Meet the Architectural Minds Now Leaving Their Mark on The Met


“For a universal museum to fulfill its mandate, it needs to grow,” says Max Hollein, director and CEO of The Metropolitan Museum of Art, reflecting on the realities of evolving collections and shifting curatorial approaches. That spirit of change has long been built into The Met’s Fifth Avenue home: an architectural palimpsest dating to 1879, its original Gothic Revival edifice absorbed by additions to create the country’s most-visited museum.

Today, Hollein is shepherding The Met’s next chapter with a slate of blockbuster renovation projects, among them updates to existing galleries and the design of a new wing—all within the museum’s current footprint. “We are not moving one more inch into Central Park,” he notes.

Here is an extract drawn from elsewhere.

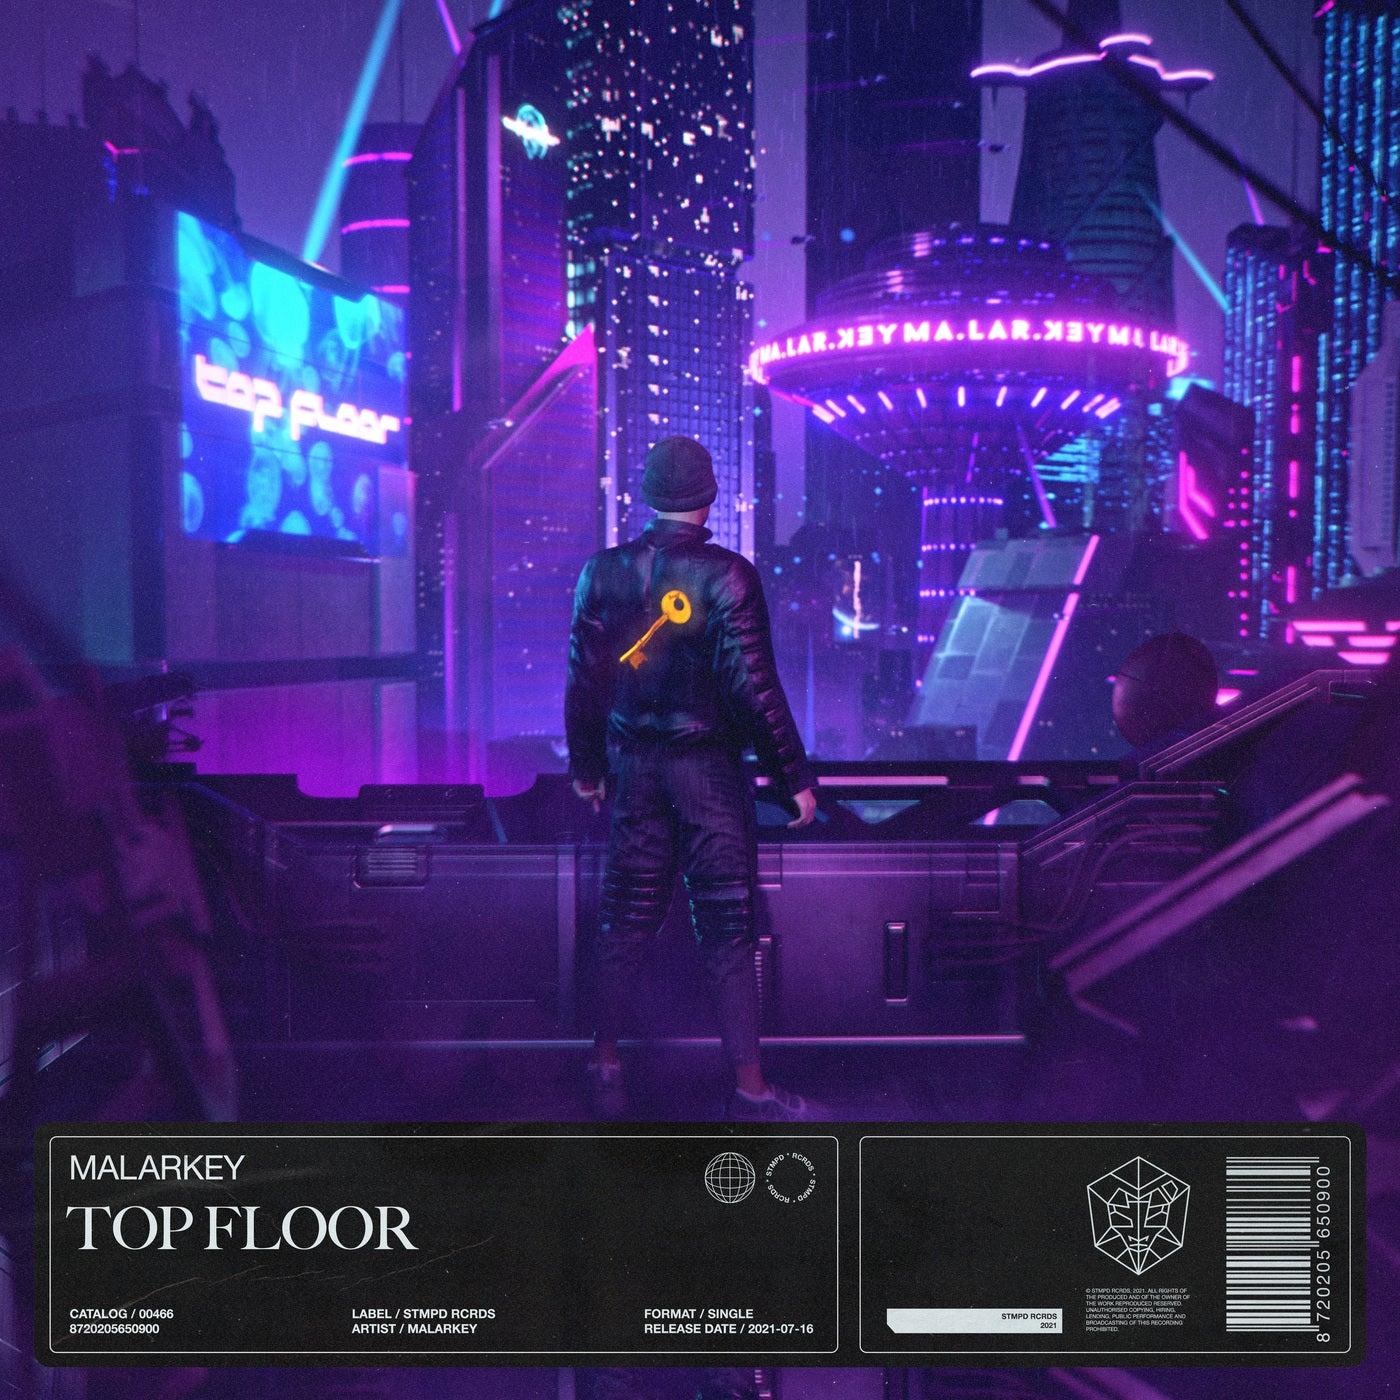 Top Floor (Extended Mix)

Innovating alongside him are a group of firms poised for superstardom. “These are people at the top of their game,” Hollein notes of that roster. “A legacy institution like The Met is also involved in the architectural voices of the time.” Earlier this year, AD joined those design talents on a tour of the museum to preview big changes to come. Meet the visionaries now leaving their mark.…

WHY

Kulapat Yantrasast, the founder and creative director of WHY, in the Michael C. Rockefeller Wing.

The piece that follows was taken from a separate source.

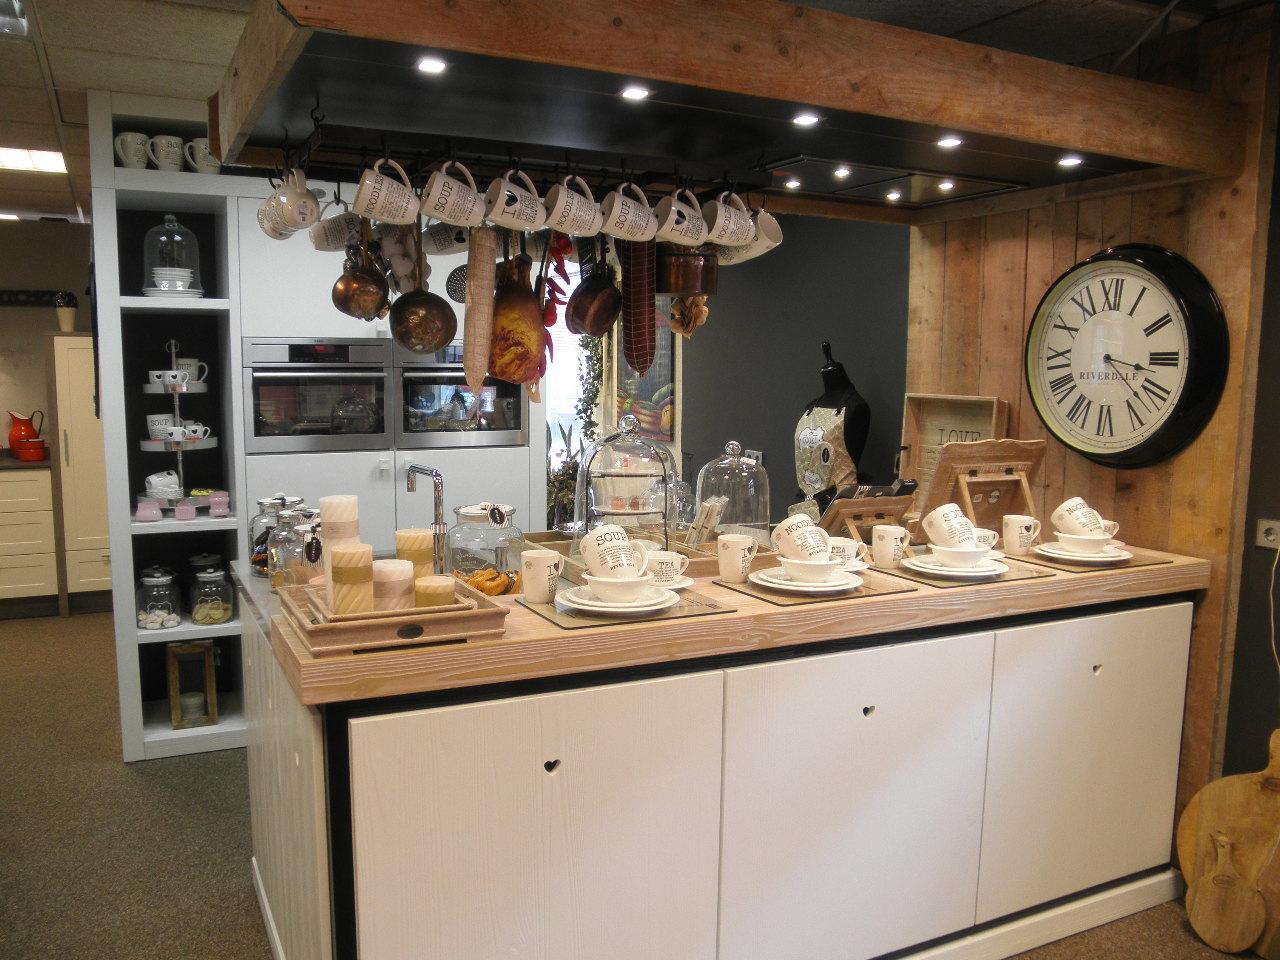 Riverdale Keuken Servies : Riverdale keuken met servies

When the Michael C. Rockefeller Wing first opened in 1982, it brought much-needed attention to the arts of sub-Saharan Africa, Oceania, and the ancient Americas, until then underrepresented fields of study. Scholarship, thankfully, has evolved and so, too, must architecture. Enter this international practice, selected to update the 40,000-square-foot galleries for the present—and future—moment. “We need to give rightful definition between each continent and among each culture,” says firm founder Kulapat Yantrasast, reflecting on the challenges of addressing so much geography and history. What had been a dimly lit sweep is now uplifted by natural light thanks to the state-of-the-art window wall, updated with fritted and filtered glass to protect sensitive objects. The collection, meanwhile, has been divided into distinct bands, with materials to distinguish each continent. Says Yantrasast, “You want the whole wing to feel integrated but give enough context to each region.” Visitors will see for themselves next year, when the space is set to reopen.

NADAAA

Nader Tehrani, principal of the Boston-based architecture firm NADAAA, in the Ancient Near Eastern and Cypriot Art galleries, now under renovation.